Another empowering project: a performance of Petrushka, with the musicians doubling as actors. This was so impressive that the New York Philharmonic did it, too, empowering its own musicians.
Ross also empowers the students in his Maryland orchestra to help create a new kind of concert dress – informal black, with an accent color picked for each performance and applied (or not!) in creative ways by the musicians.
Ross has also run the National Orchestral Institute, a summer program for young professionals, where he gave musicians power to produce concerts on their own. Their programs featured classical performances alongside rock arrangements and improvisations.
Mason Bates: Fusion of opposites?
Not so. No opposites here. Yes, Mason Bates is a classical composer and a dance DJ. But in the 21st century, why should these things be opposites?
Here’s proof of that. Who likes what Bates does? No less a maestro than Riccardo Muti, who personally picked him (along with Anna Clyne, whose work also isn’t in a normal concert style) to be composer in residence with the Chicago Symphony.
Bates also does projects with his hometown band, the San Francisco Symphony – and with many other orchestras, including the YouTube Symphony, with which he performed in 2009 and 2011 as electronica soloist, as he often does, in symphonic pieces that he wrote. You can watch those performances, here and here. You’ll find an outline of his thriving classical career, along with details of his DJ work, on his website.
And, proving that all of this has an audience, he and Clyne exploded the Chicago Symphony’s new music series, MusicNOW, into something that attracts huge, young crowds.
Lara Downes: Doing it her way
Downes, a pianist, recorded an album not long ago that’s not a standard classical release. She and cellist Quill Bailey play American music: Barber, Copland, Bernstein, Lukas Foss. But with a twist. Yes, they play the Barber’s Cello Sonata, a formidable work written for their instruments. But they also play music they’ve arranged from songs by Barber, Bernstein and Copland, including two from Bernstein’s musicals. They play the music that they like.

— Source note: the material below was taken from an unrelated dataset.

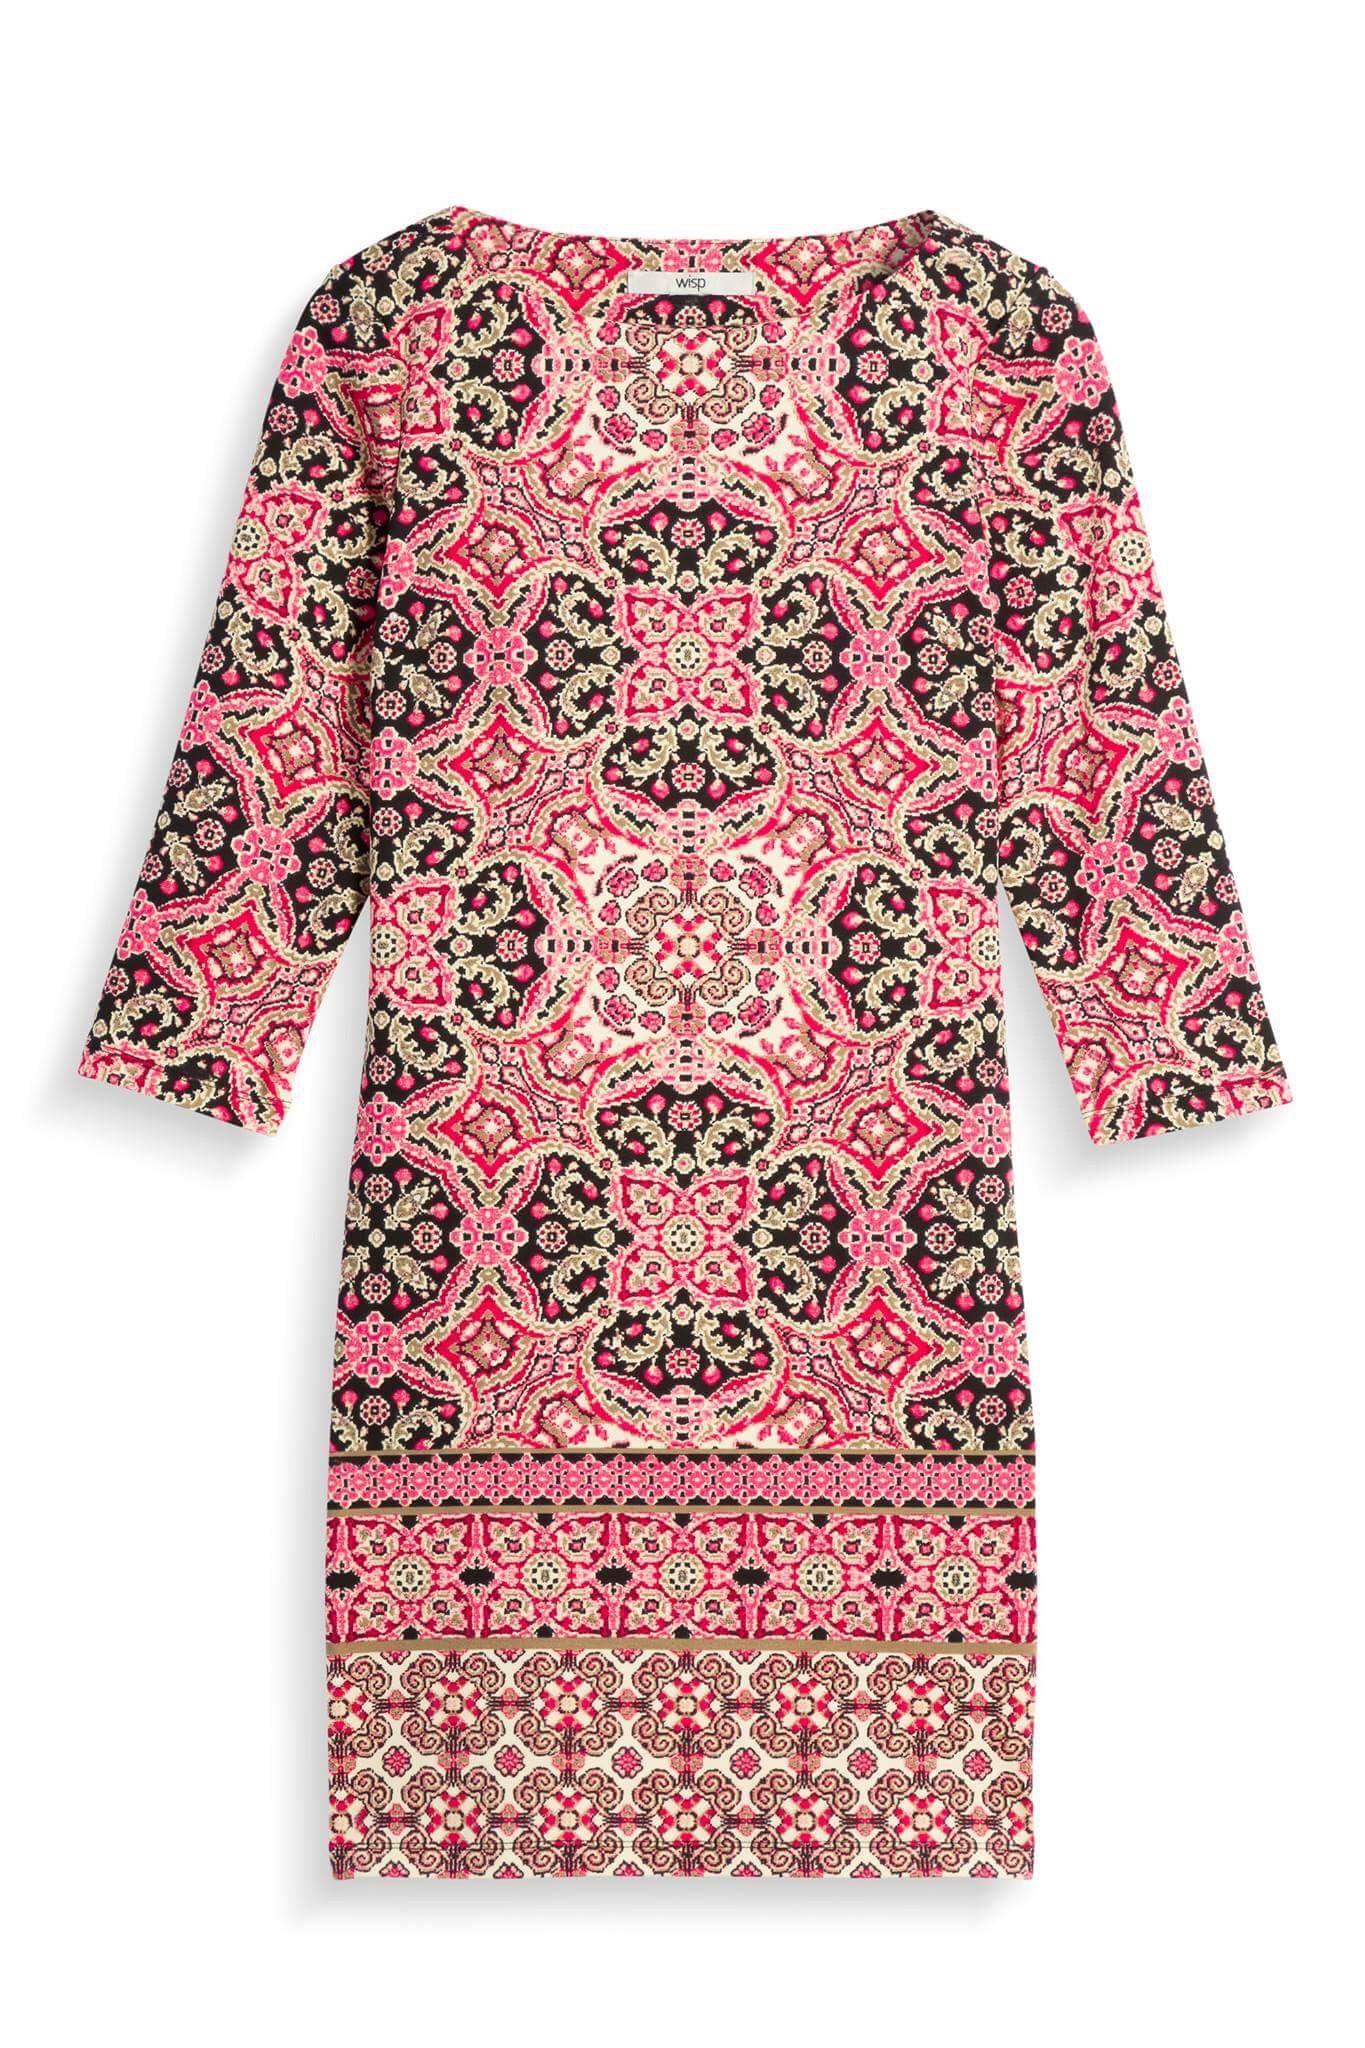 Wisp mandala pattern sheath dress, 3/4 sleeve, black gold pink multi ...

In San Francisco, where she lives, Downes founded what she calls an “alt-classical” concert series called The Artist Sessions, which is hosted in clubs and performance spaces for people who never go to classical events. Downes has written about how hard she works to attract these people and to make the concerts memorable.
Other recordings? Highly varied.
13 Ways of Looking at the Goldbergs: 13 composers write their own takes on you know which Bach piece.
Exile’s Cafe: poignant works by composers living in exile.
If you follow the links, you’ll see that Downes promotes these highly individual releases with video trailers.